⟨

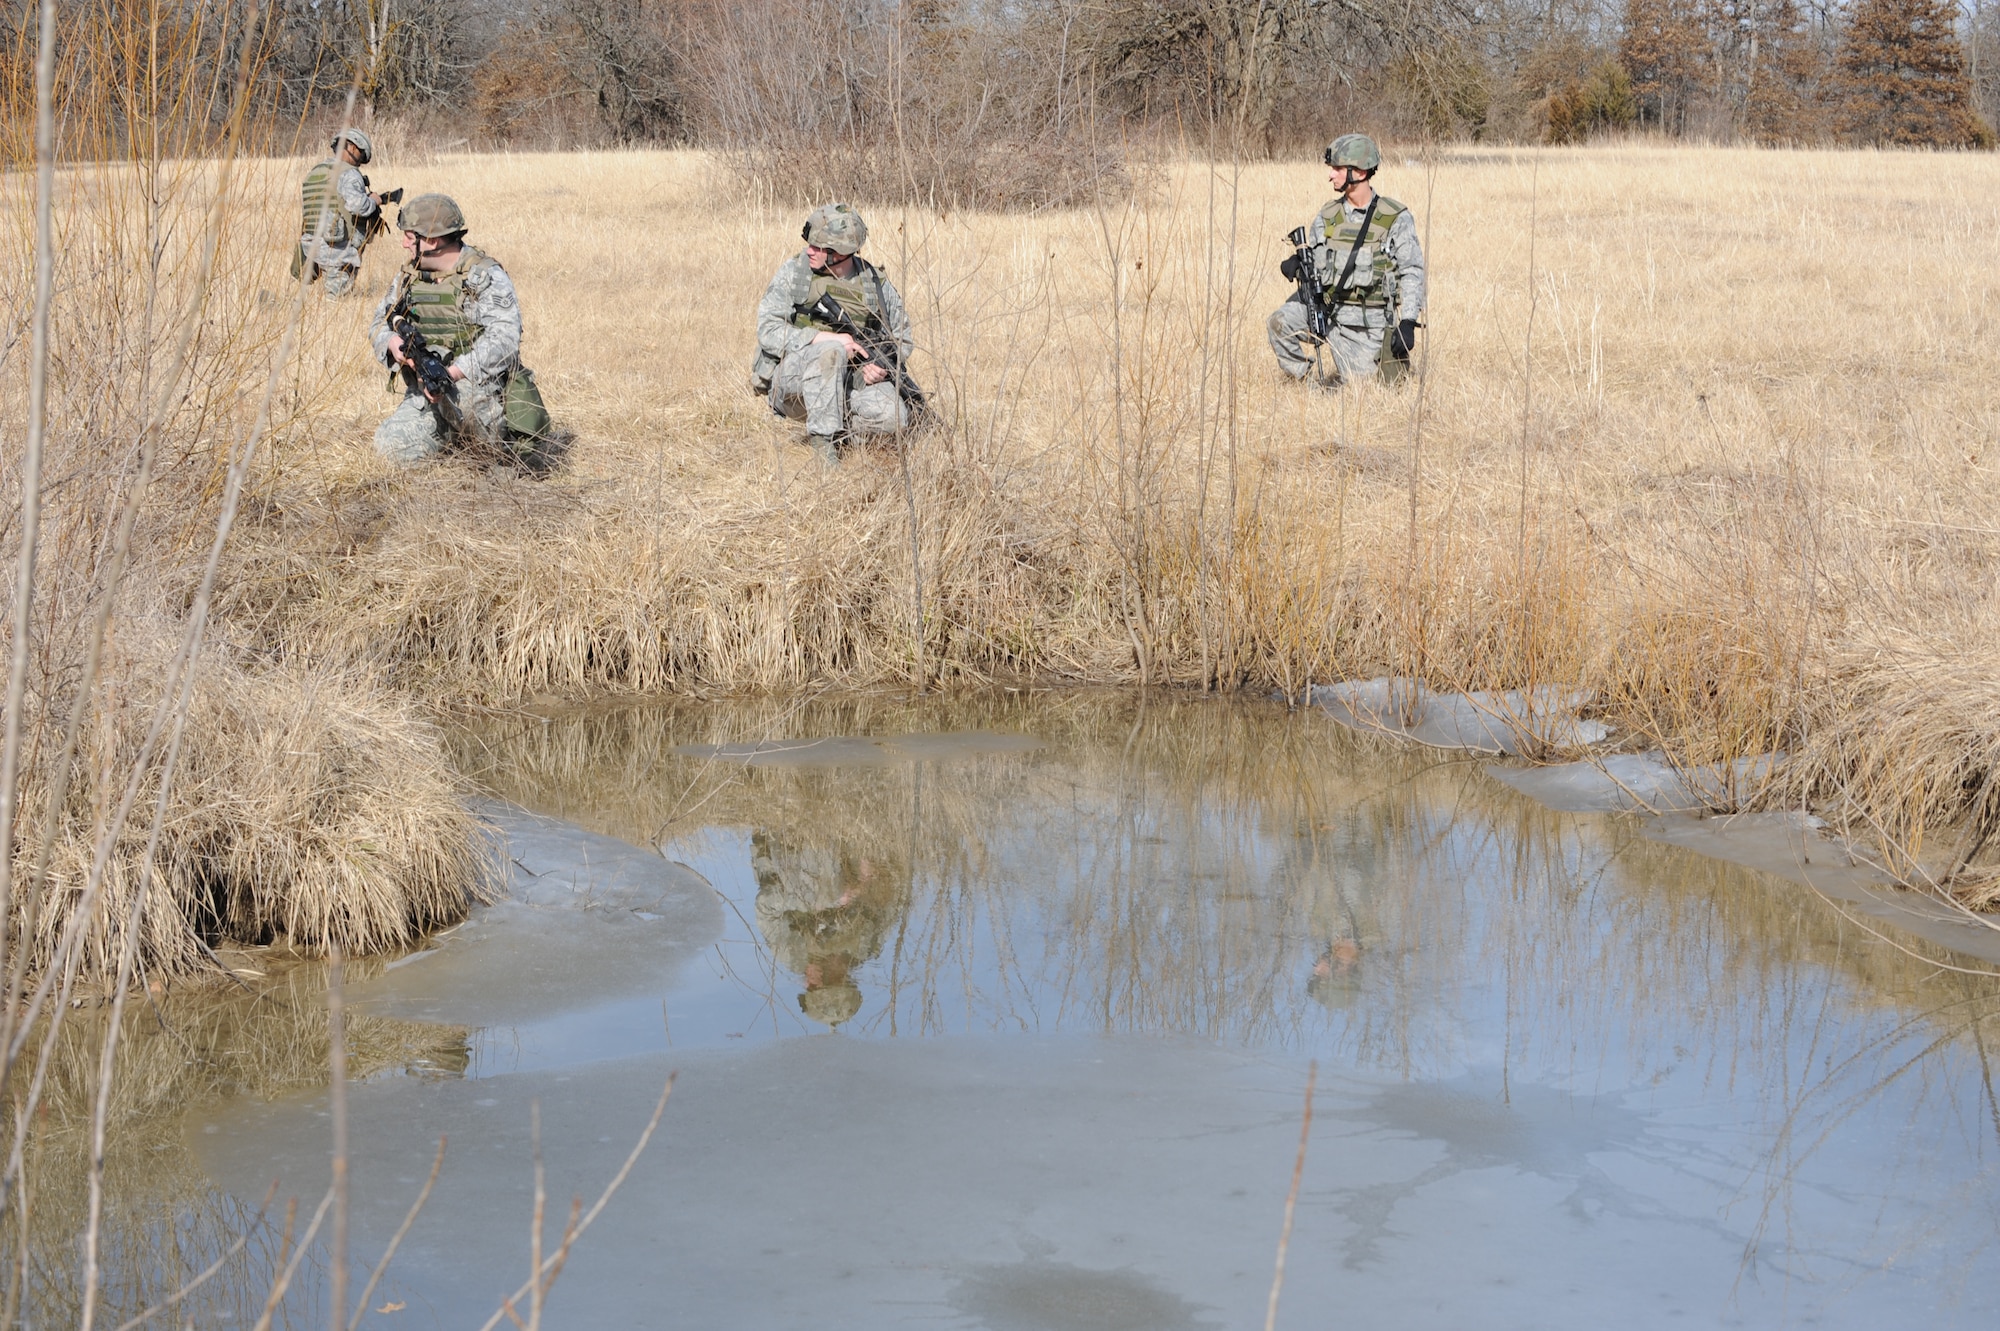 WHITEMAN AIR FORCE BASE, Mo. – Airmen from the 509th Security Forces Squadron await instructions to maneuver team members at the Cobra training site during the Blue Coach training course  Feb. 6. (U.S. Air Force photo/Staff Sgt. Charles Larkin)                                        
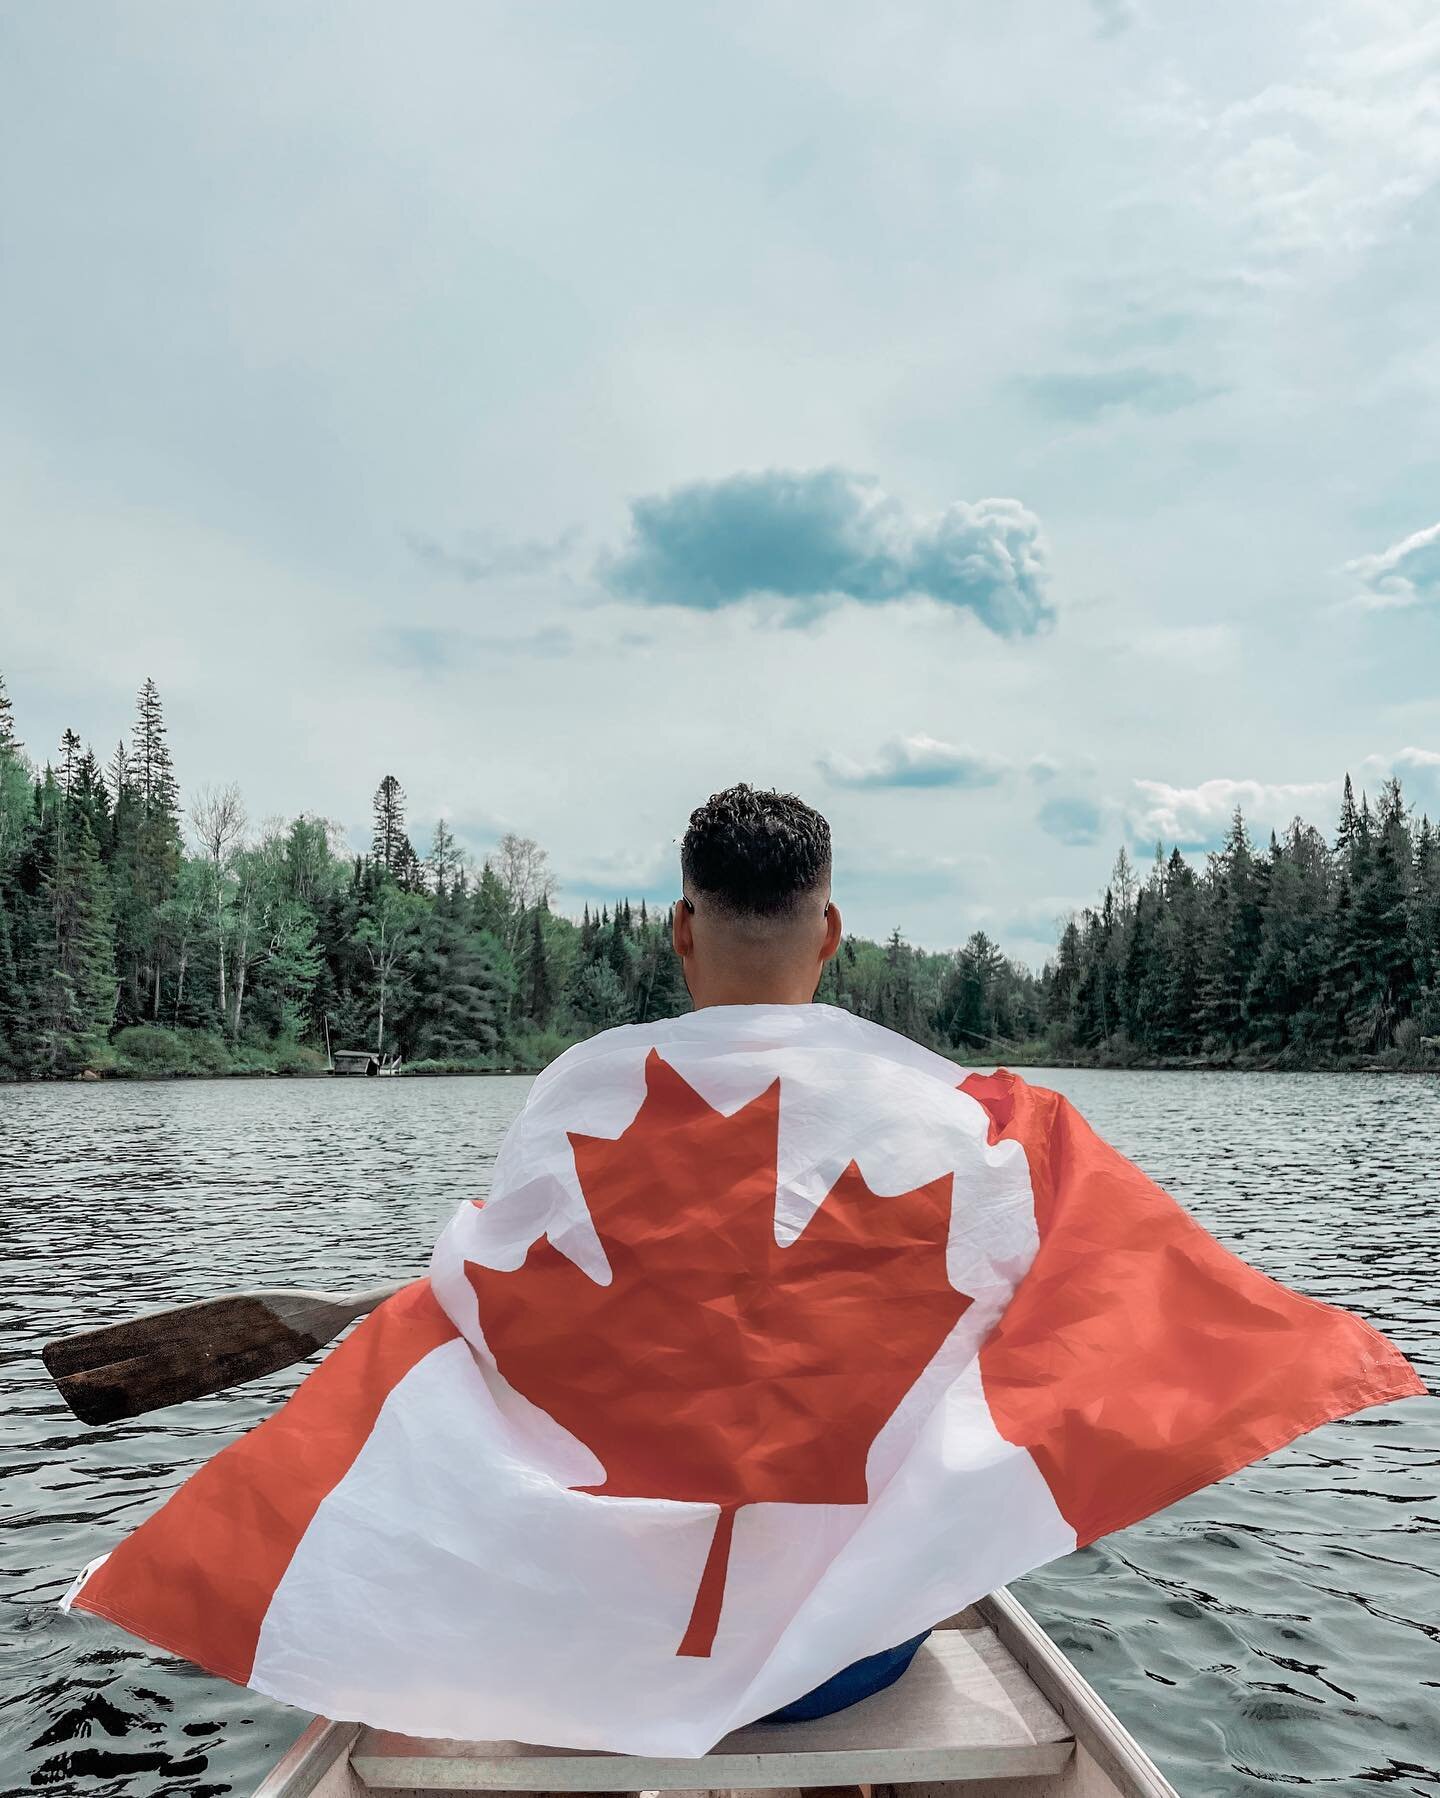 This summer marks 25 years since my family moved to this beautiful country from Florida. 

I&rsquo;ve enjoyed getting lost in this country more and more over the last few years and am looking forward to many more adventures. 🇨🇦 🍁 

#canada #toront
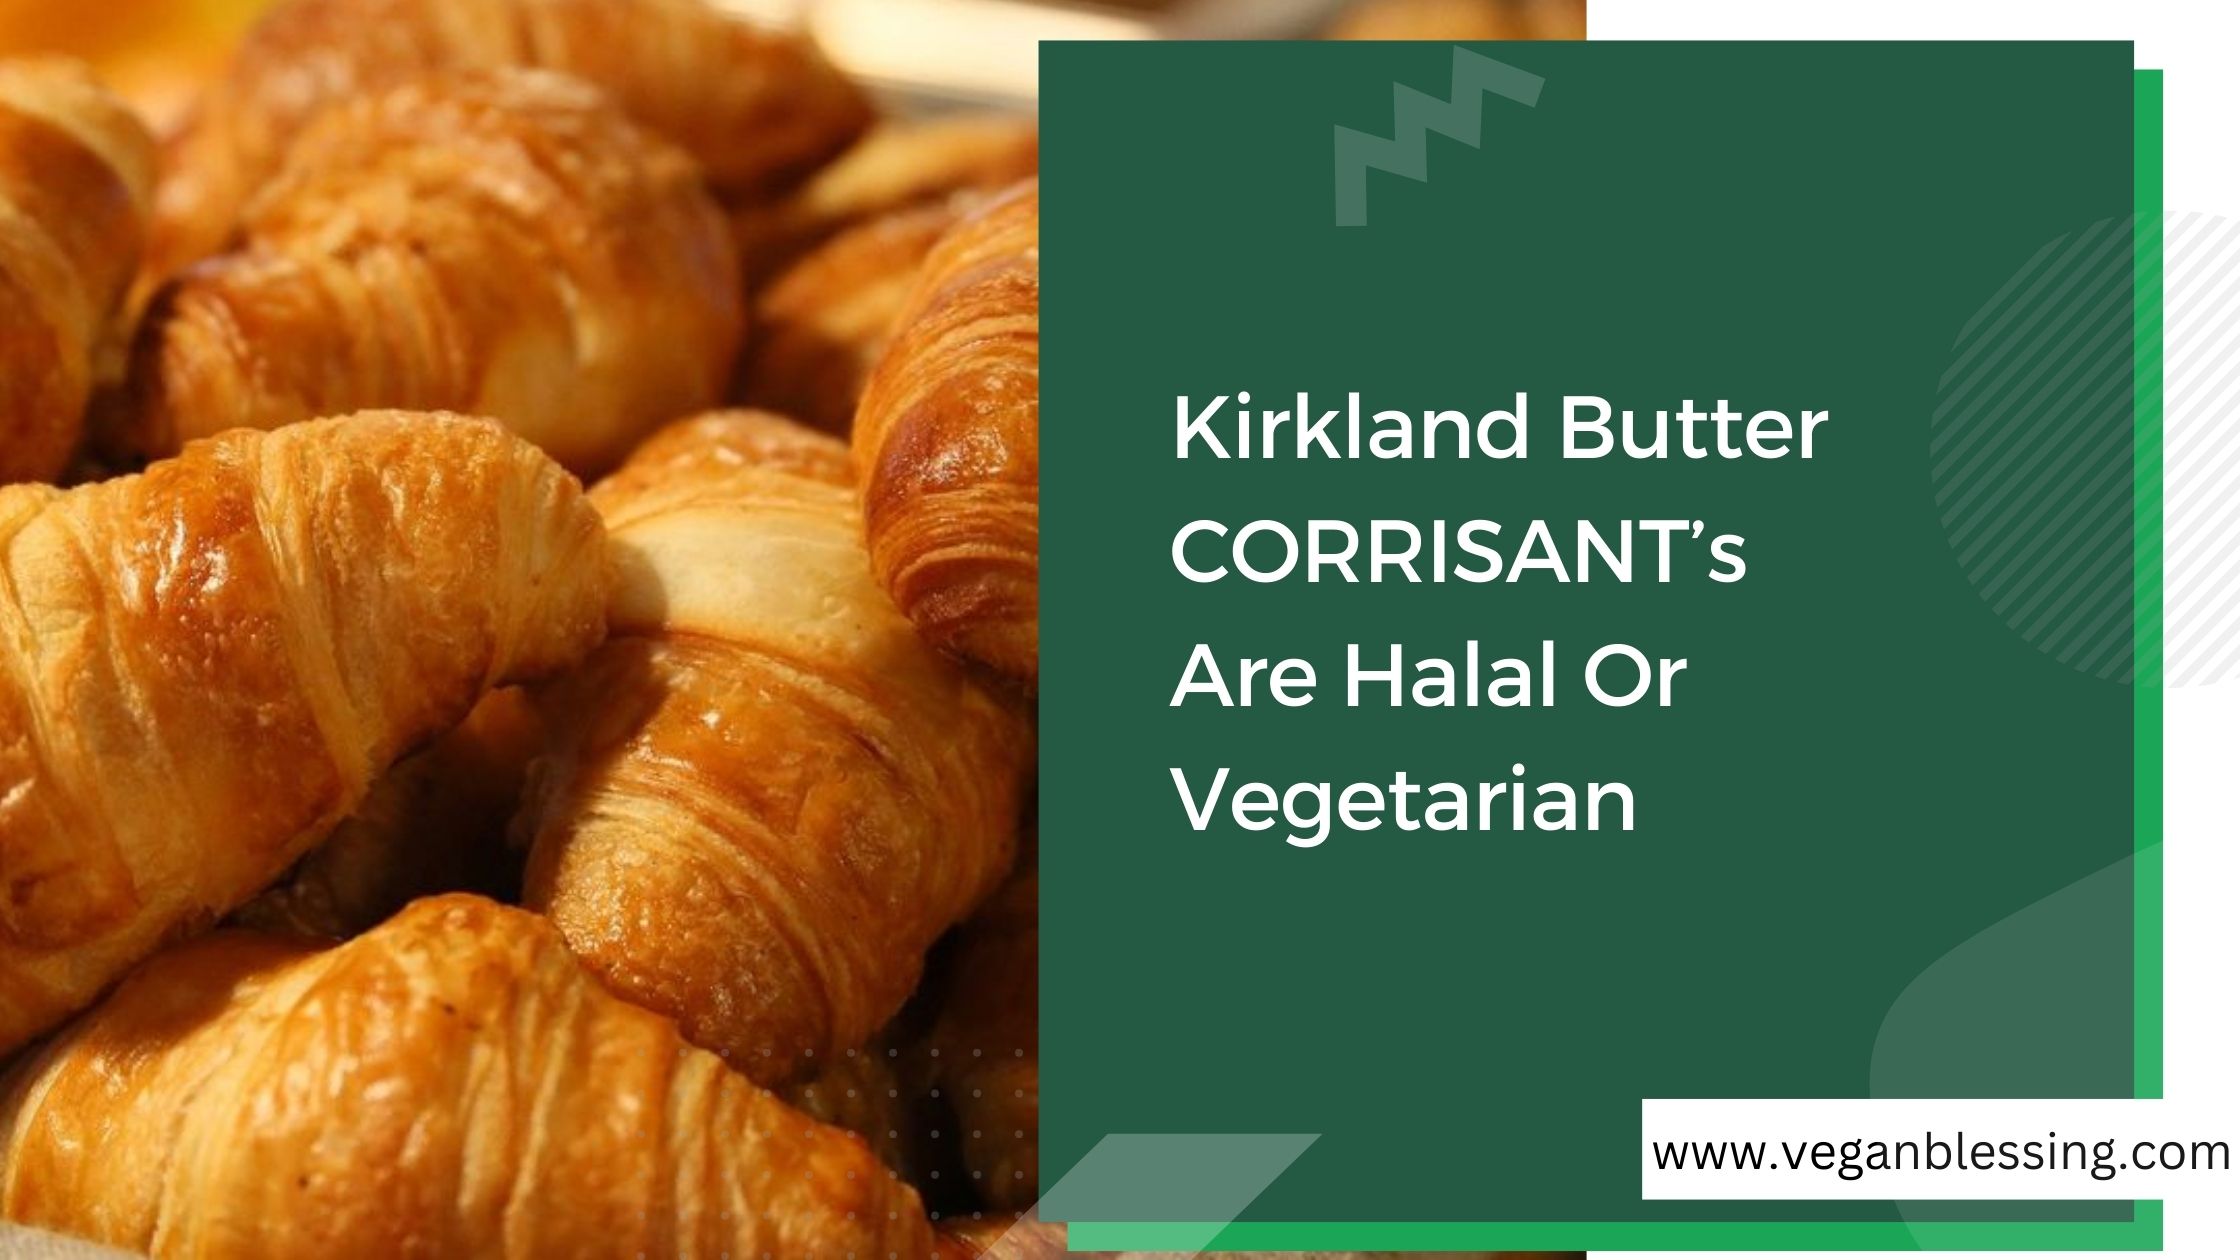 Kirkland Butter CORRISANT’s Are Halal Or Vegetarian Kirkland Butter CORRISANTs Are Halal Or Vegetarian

⟩

**Directions**
When you reach the line that contains "I&rsquo;ve enjoyed getting", start copying the listing word for word and stop only after its last line, without any pictures.

**Answer to this task**
I&rsquo;ve enjoyed getting lost in this country more and more over the last few years and am looking forward to many more adventures. 🇨🇦 🍁 

#canada #toront
 Kirkland Butter CORRISANT’s Are Halal Or Vegetarian Kirkland Butter CORRISANTs Are Halal Or Vegetarian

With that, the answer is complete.